A ocupação de imóveis antigos nas áreas centrais ainda auxilia a redução do déficit habitacional nas grandes cidades, pois muitos imóveis dotados de valor histórico e cultural estão desocupados e poderiam ser revertidos em moradias populares. Complementando os projetos de habitação social, a inauguração de empreendimentos de alto padrão, a diversificação do comércio e a implementação de hotéis permitem o aumento do fluxo de recursos financeiros, trazendo novos investimentos e a criação de novos empregos, conferindo vitalidade à essas regiões. Esse conjunto de fatores contribui com a sustentabilidade cultural do patrimônio, sendo fundamental para a sua preservação.

Por essa razão, o Instituto do Patrimônio Histórico e Artístico Nacional (Iphan), por meio da portaria nº 375/2018, reconheceu a necessidade de se garantir a sustentabilidade ambiental, social e econômica do patrimônio edificado (artigo 55).

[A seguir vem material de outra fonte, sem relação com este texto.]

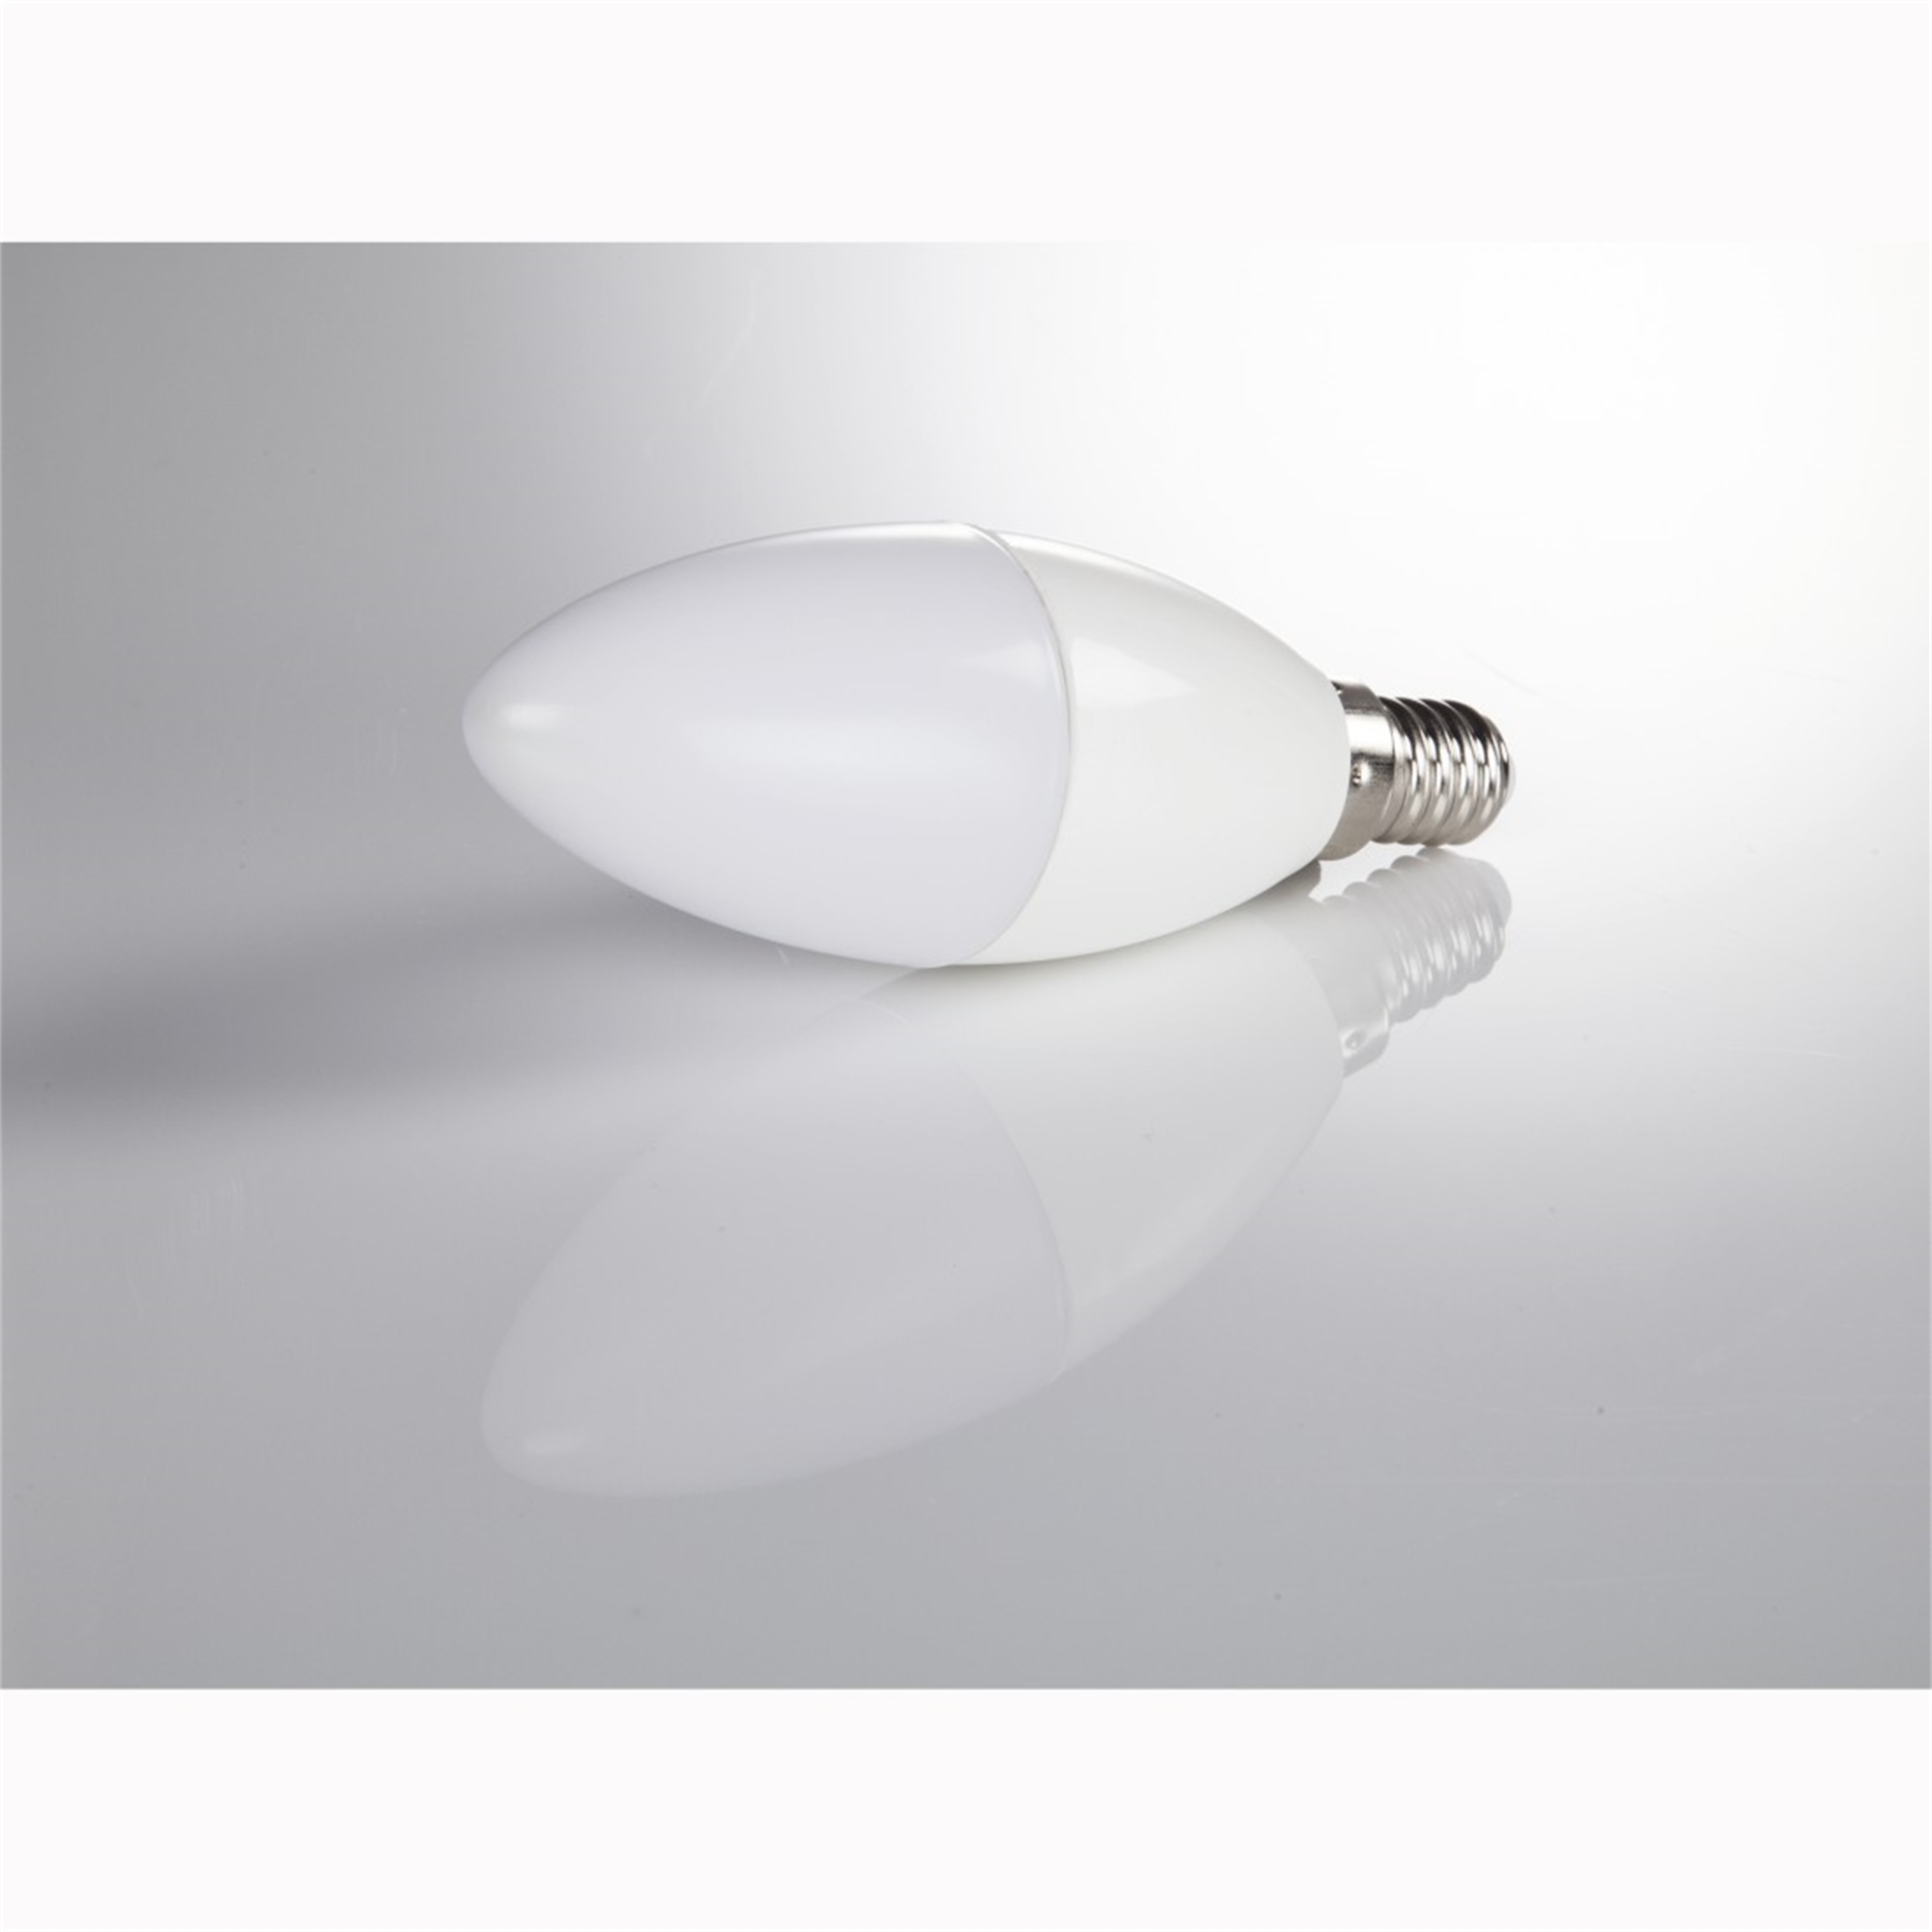 ersetzt XAVAX Warmweiß 470lm E14 LED-Lampe E14, 40W

Artigo 55. As ações e atividades de Conservação, buscando contribuir para a sustentabilidade dos bens protegidos, devem:
[…]

III – Fomentar os usos tradicionais, o uso habitacional e demais usos que apoiem e incentivem a permanência, nas imediações do bem, da população em suas rotinas diárias; e
IV – Agregar soluções que visem à eficiência energética, à diminuição da geração de resíduos e ao uso de materiais e técnicas que minimizem o impacto ao meio ambiente.”

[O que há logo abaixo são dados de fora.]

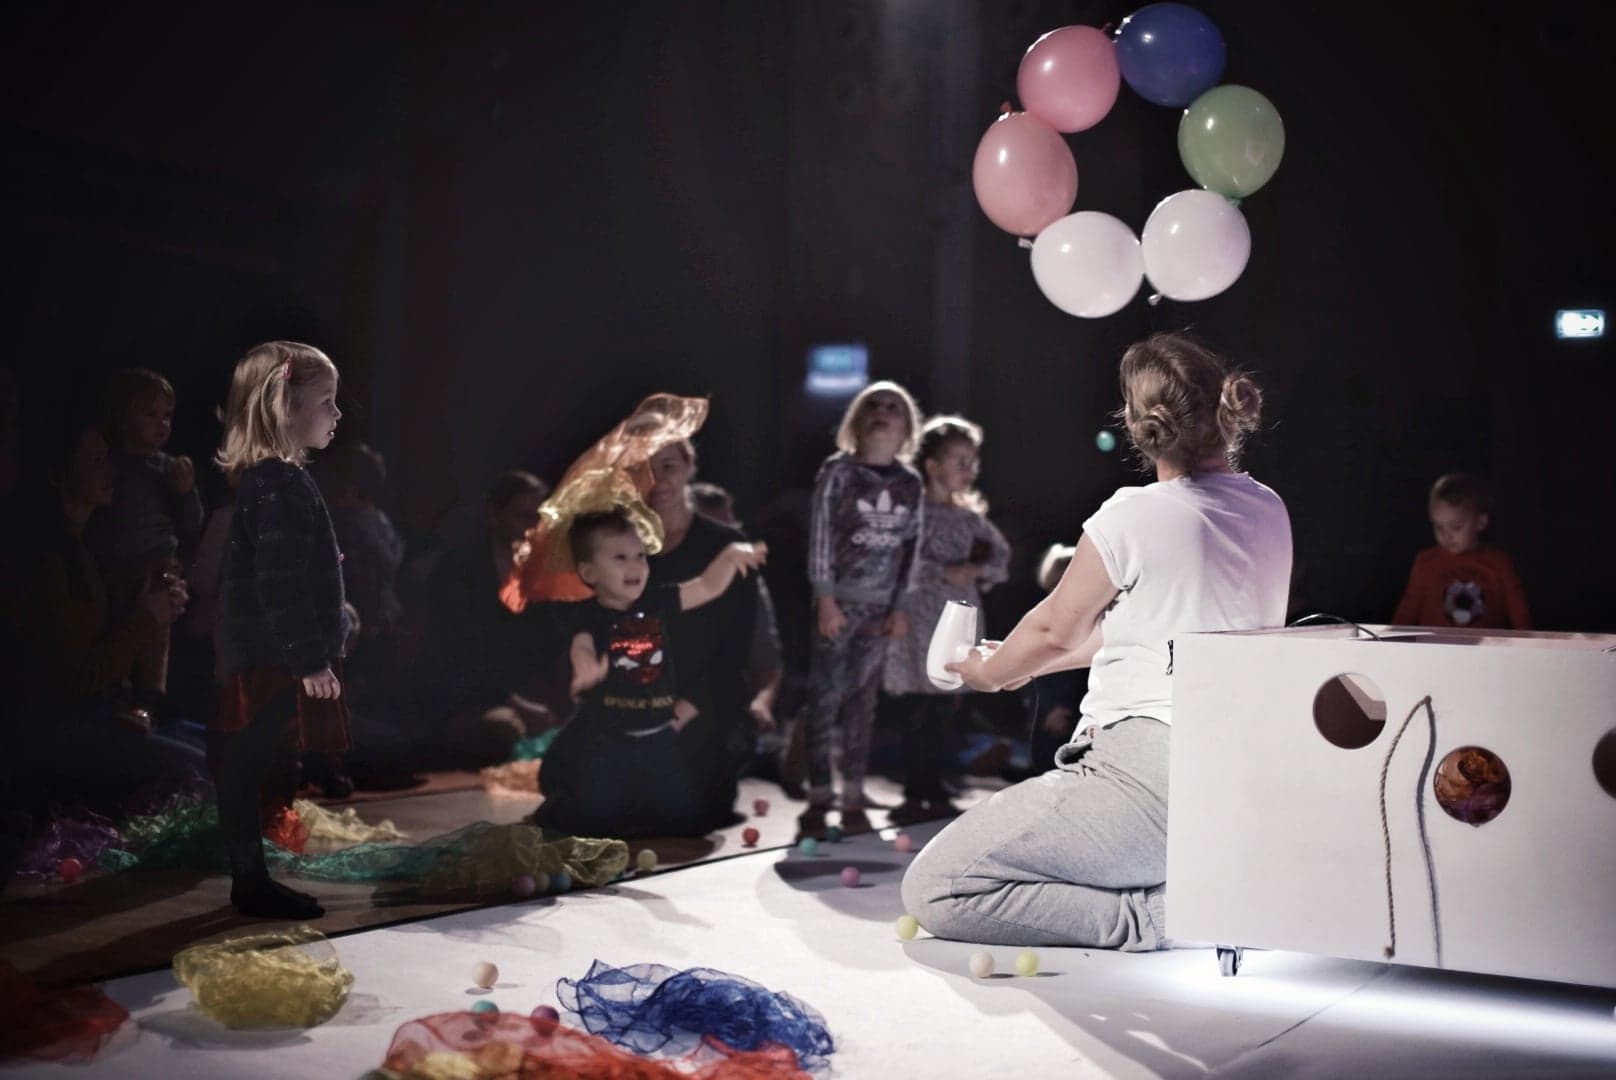 PaBaje - minispektakle muzyczno-sensoryczne dla rodzin z dziećmi

Conforme a normativa do órgão, apesar de os projetos de conservação terem como elemento central a preservação dos imóveis, não podem deixar de incluir ações que garantam a sua sustentabilidade.

Diante do exposto, conclui-se que não apenas é possível, mas também recomendado, aplicar o conceito de desenvolvimento sustentável ao patrimônio cultural. Nesse sentido, destaca-se que gerir o patrimônio cultural edificado de maneira sustentável é uma tendência no mundo contemporâneo, porquanto se trata de uma forma de conciliar a sua proteção com o desenvolvimento social, econômico e a preservação do meio ambiente natural. Apenas assim poderá ser preservado para as próximas gerações.

 


[2] FIORILLO, Celso Antonio P. Curso de Direito Ambiental Brasileiro. 20.ed. São Paulo: Saraiva, 2020. 

[3] BRASIL. Constituição Federal. Brasília, DF: Senado Federal, 1988.

[7] Apesar de os termos preservação e conservação terem acepções distintas para o Direito Ambiental, elas não serão apresentadas no presente artigo. Optou-se por utilizar o termo “preservação” genericamente, por ser o mais usual quando se quer referir à integridade dos bens culturais.

[9] ALIER, Joan Martínez. O Ecologismo dos Pobres: conflitos ambientais e linguagens de valoração. São Paulo: Contexto, 2009. p. 243.

[11] PEREIRA, op. cit., p. 5.

[12] Ibidem.

[13] PINHEIRO, Filipa Serôdio. Novos usos de edifícios como forma de reabilitação urbana. 2015. Dissertação (Mestrado em Direito Geral) – Universidade Católica Portuguesa. Coimbra, Porto, 2015.